五百羅漢

五百羅漢 SD1 Merrill + 17-50mm F2.8

 仏教で羅漢とは、お釈迦様の弟子の中でも修行を積んで、ある程度の高位になったお弟子さんを指すものです。このお寺の羅漢さんは様々な表情をしていますが、身なりなどの様式は中国のものです。五百ほどあるそうで、作られたのは最近とのことでした。観音様などは写真撮影が禁じられていますが、この羅漢さんは修行途中の身であるため撮影してもかまわないと教えてもらいました。

 この写真は、暗い条件の中で撮りました。柱に寄りかかり息を殺してシャッターを押しましたが、等倍以上にすると細部が滲んでいます。A4ぐらいまでの大きさなら解りませんが、どんなにしっかり構えても微小な手振れは起こっているのでしょう。
苔むす屋根

庭 SD1 Merrill + 17-50mm F2.8
 
 ここの庭園は池を中心に作られており、池の中には心の字の点々を表した島が配置されています。秋には見事な紅葉が楽しめるところですが、季節は梅雨で雨に濡れた緑が鮮やかでした。
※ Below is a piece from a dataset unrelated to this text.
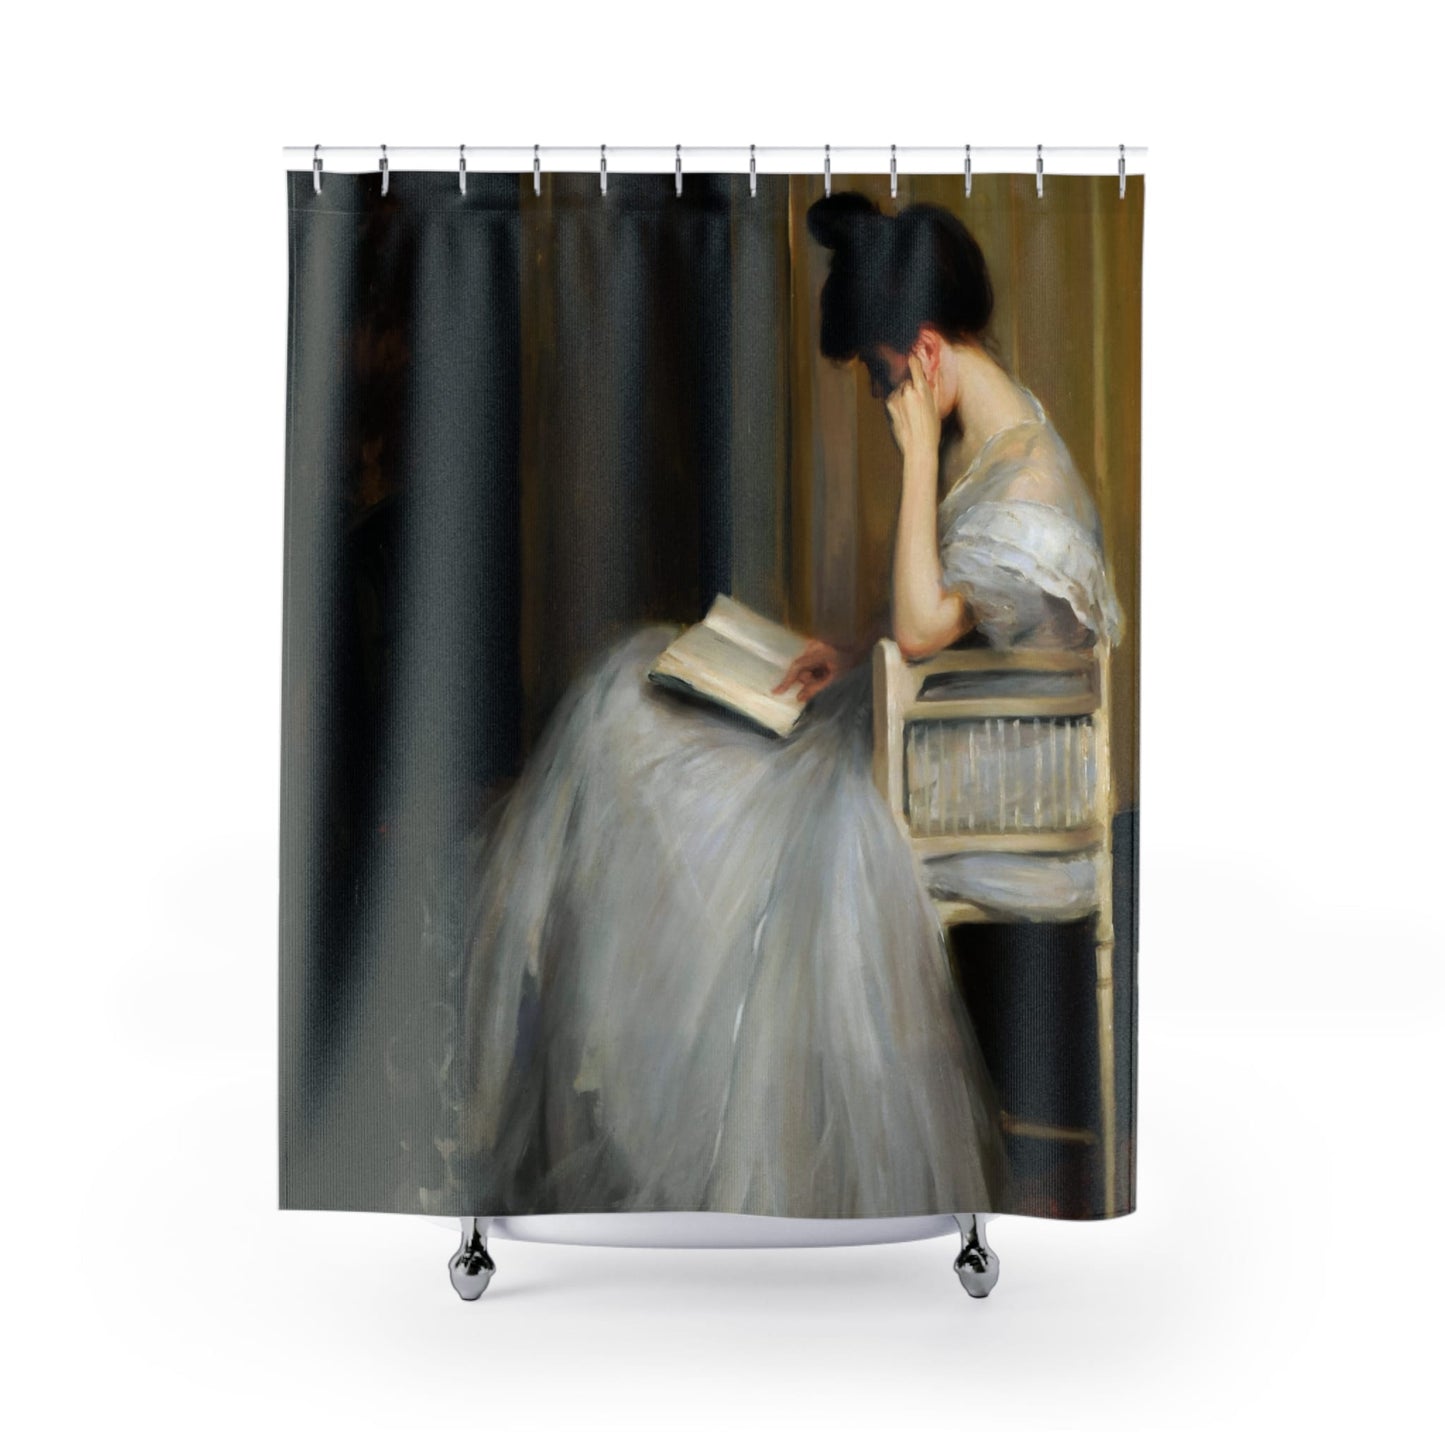 Woman Reading Shower Curtain with vintage oil painting design, classic bathroom decor featuring historical reading scenes.

屋根の上にも苔が載っており、ここは雨の多いところなのでしょう。ひなびた情景が、周囲の雰囲気とともに心に沁みてきます。

 この写真は、標準ズームレンズの広角側一杯で撮りました。庭は、広角レンズでも入りきれないくらいの大きさです。このお寺には、四季それぞれの美しさがあるのでしょう。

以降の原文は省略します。